What this task involves:
Without the pictures, set down every record below exactly as it reads.

[Data records Boundary: Start]

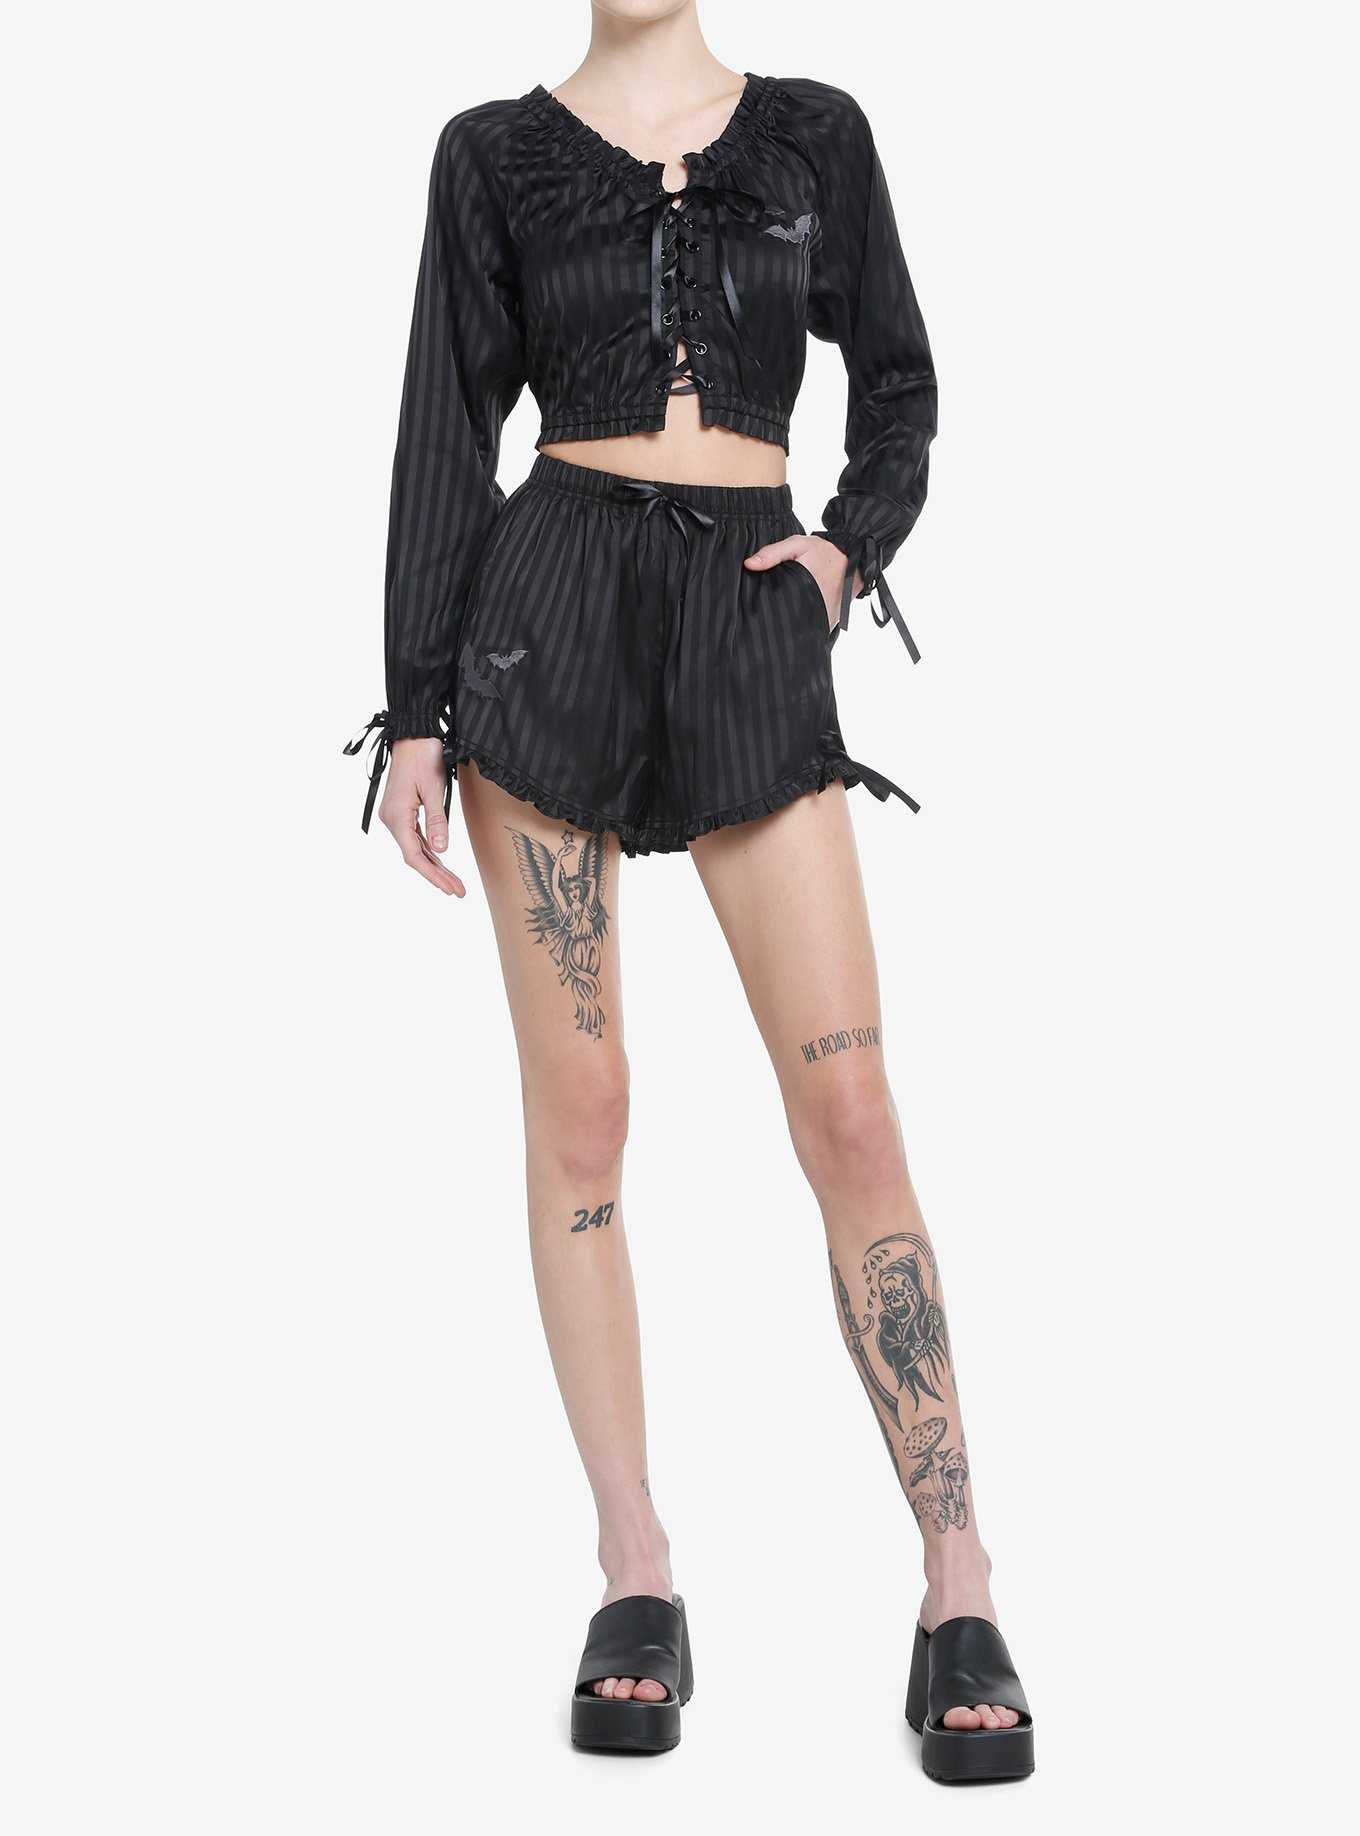 Goth Black Pinstripe Girls Lounge Shorts, , hi-res
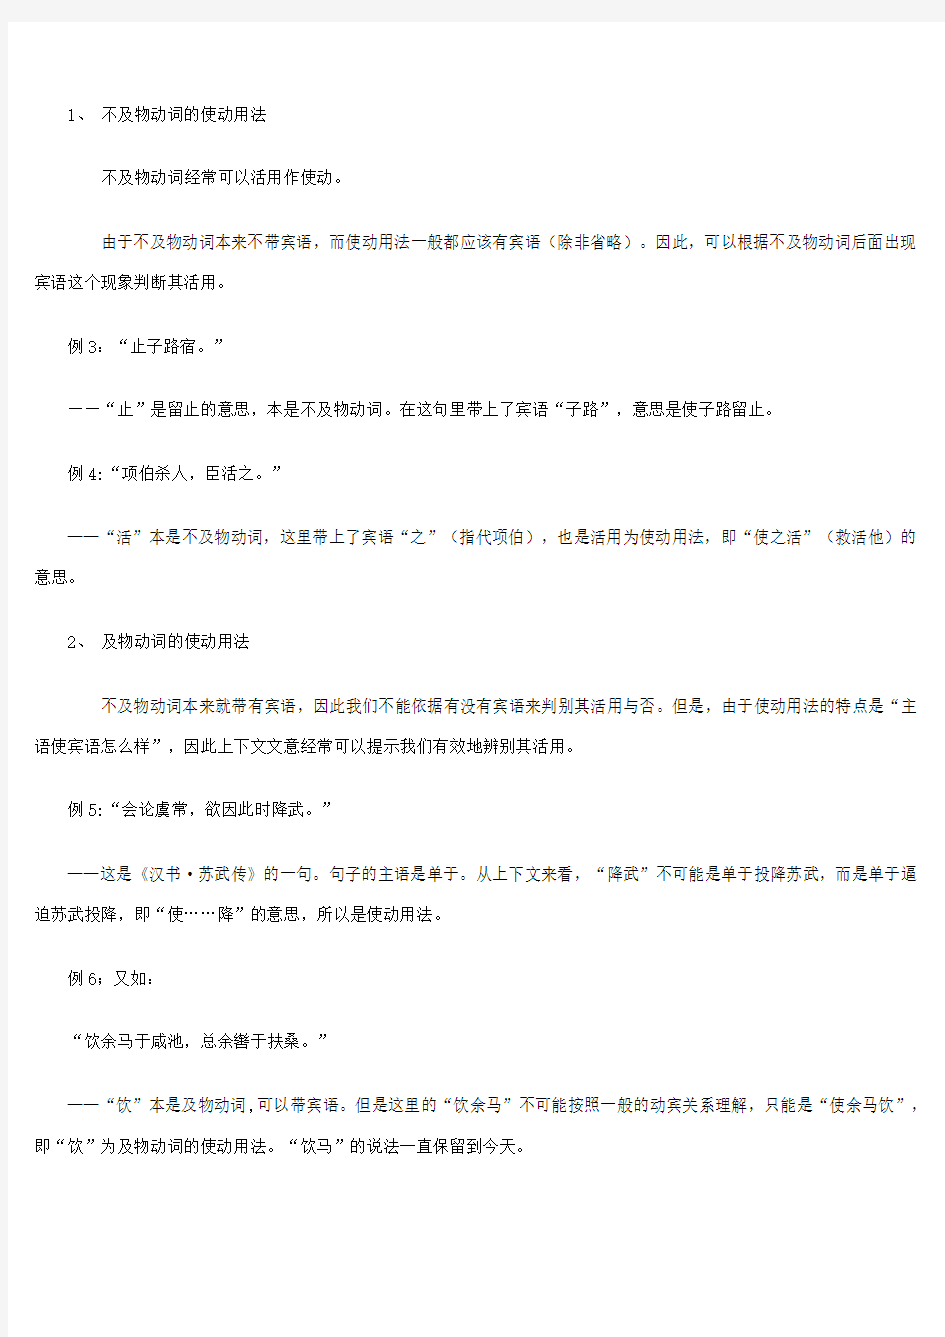 古汉语--使动用法举例分析
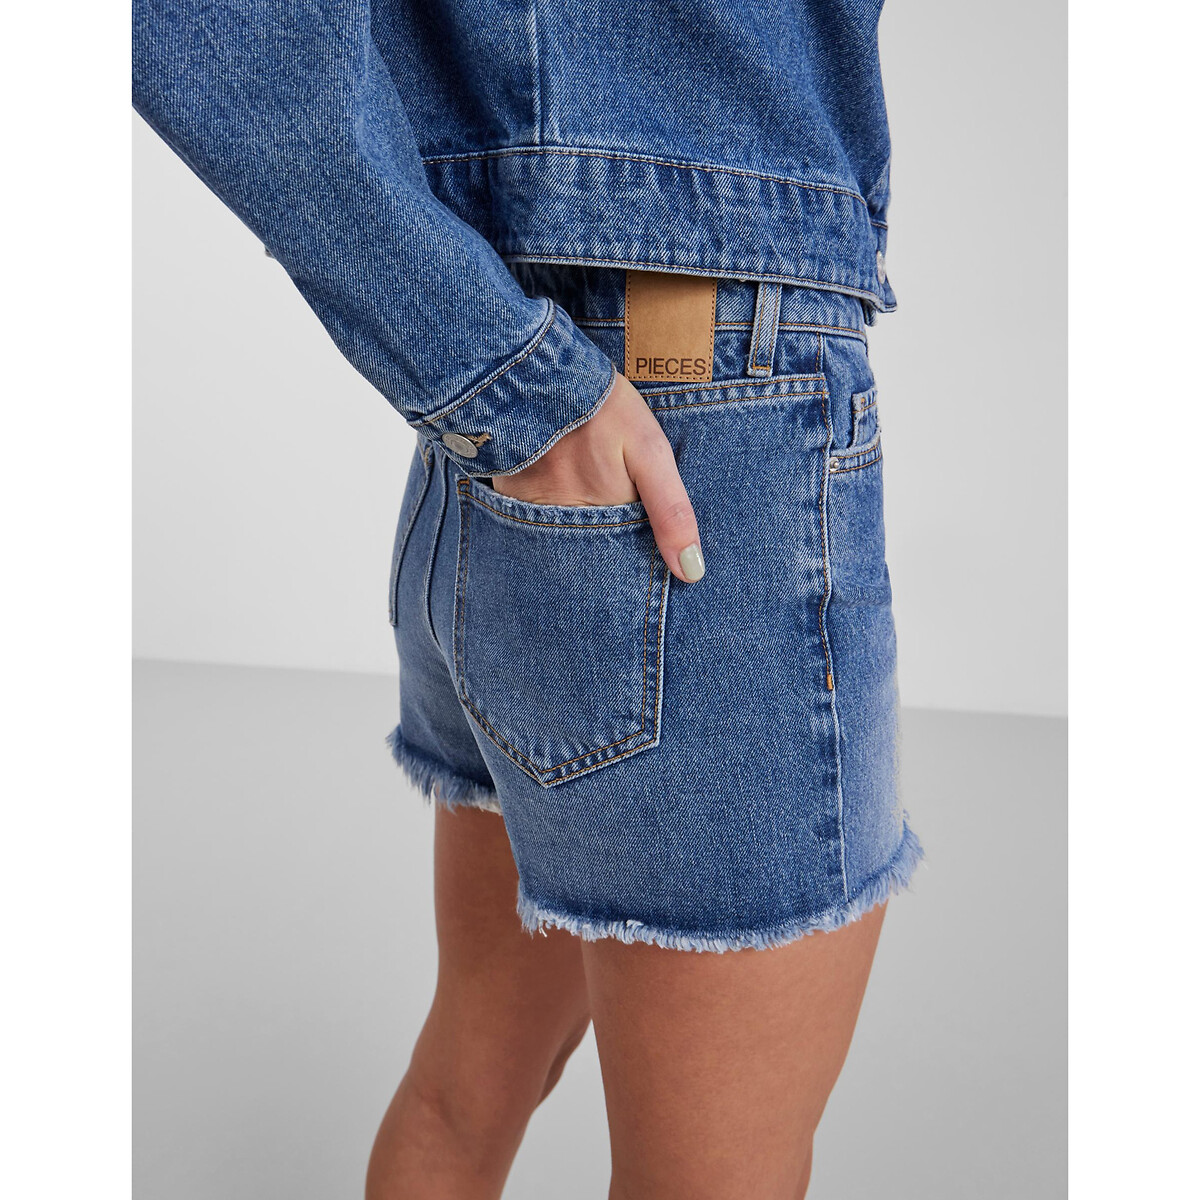 Шорты Из джинсовой ткани S синий LaRedoute, размер S - фото 2
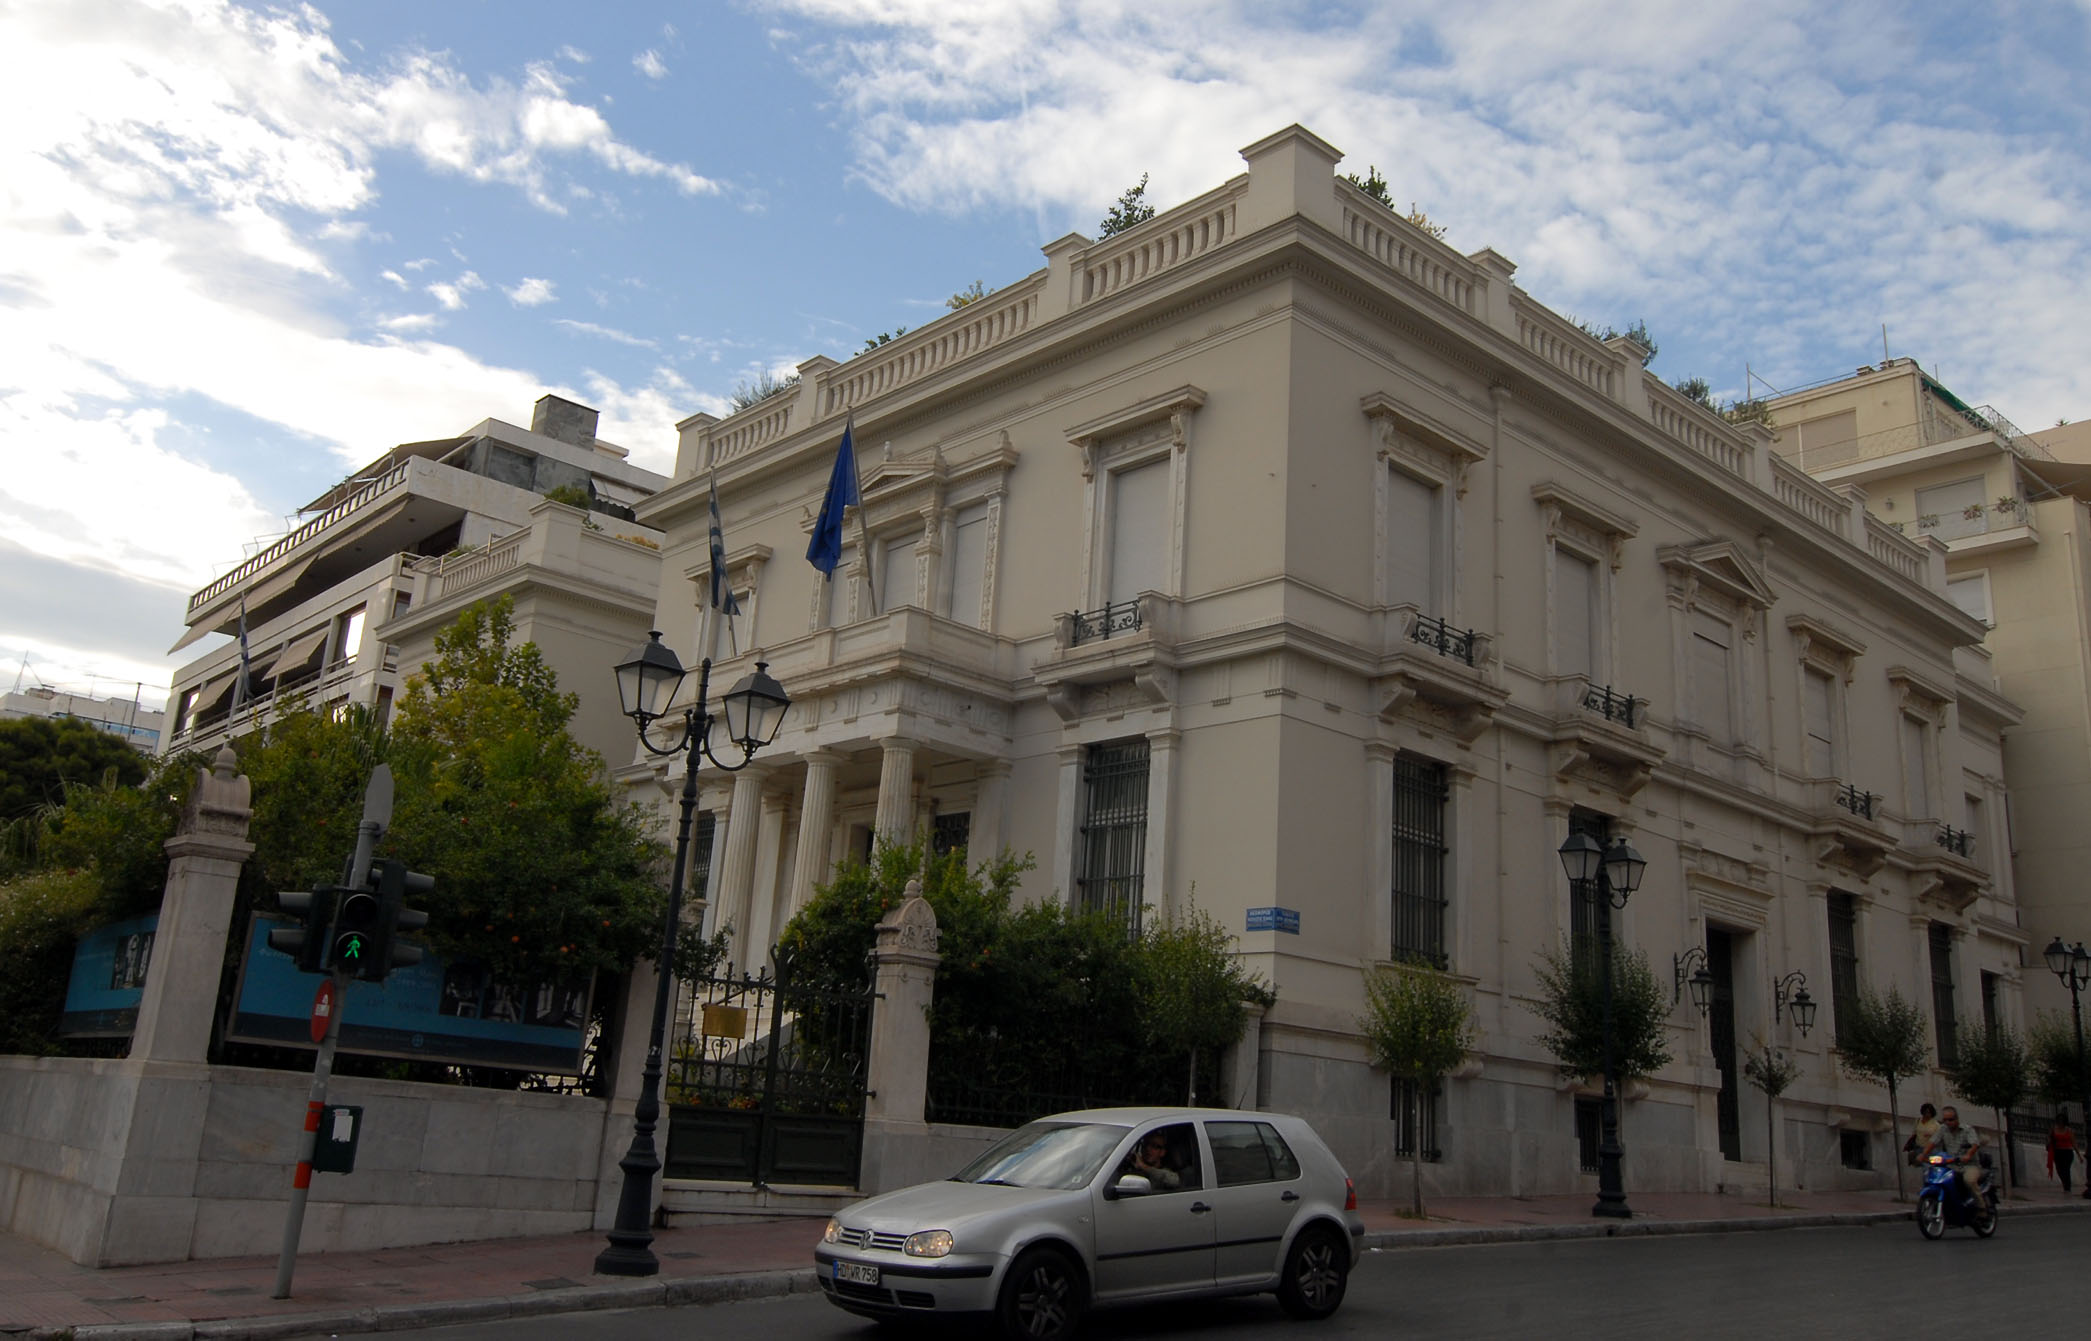 Σε τριμελή επιτροπή προσωρινά η διεύθυνση του Μουσείου Μπενάκη
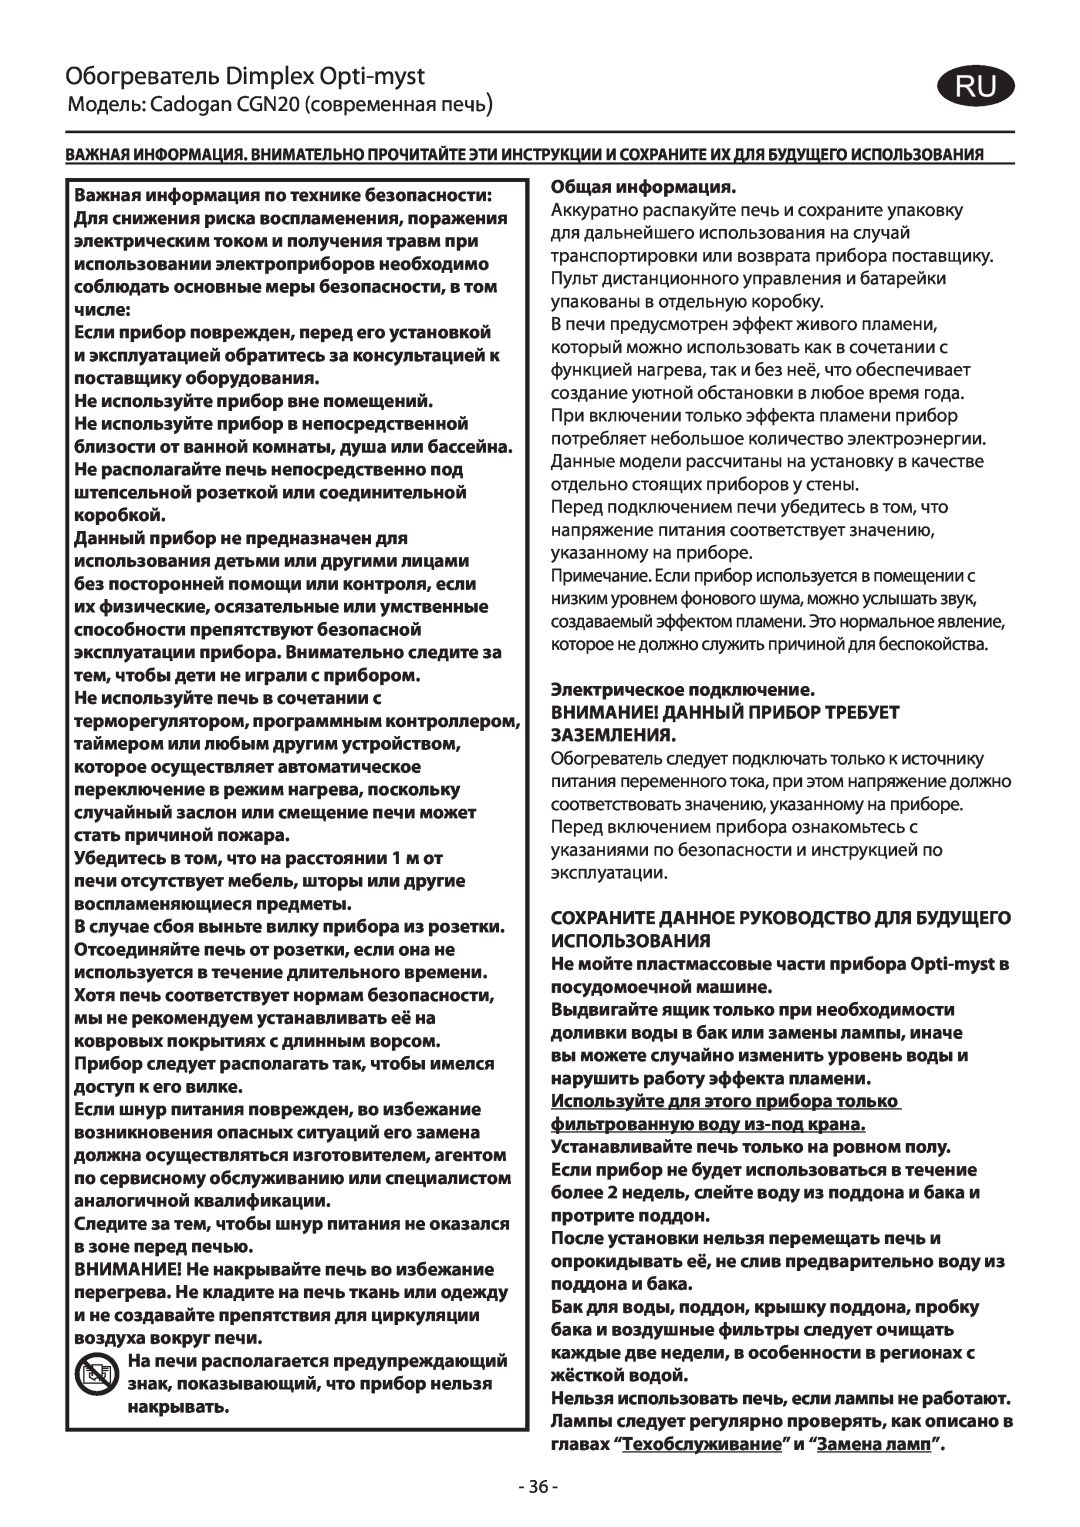 Dimplex CGn20 manual Обогреватель Dimplex Opti-myst, Модель Cadogan CGN20 современная печь

[Data records Boundary: End]

Solution:
 Goth Black Pinstripe Girls Lounge Shorts, , hi-res
 古汉语--使动用法举例分析
 Шорты Из джинсовой ткани S синий LaRedoute, размер S - фото 2
 Σε τριμελή επιτροπή προσωρινά η διεύθυνση του Μουσείου Μπενάκη
 Dimplex CGn20 manual Обогреватель Dimplex Opti-myst, Модель Cadogan CGN20 современная печь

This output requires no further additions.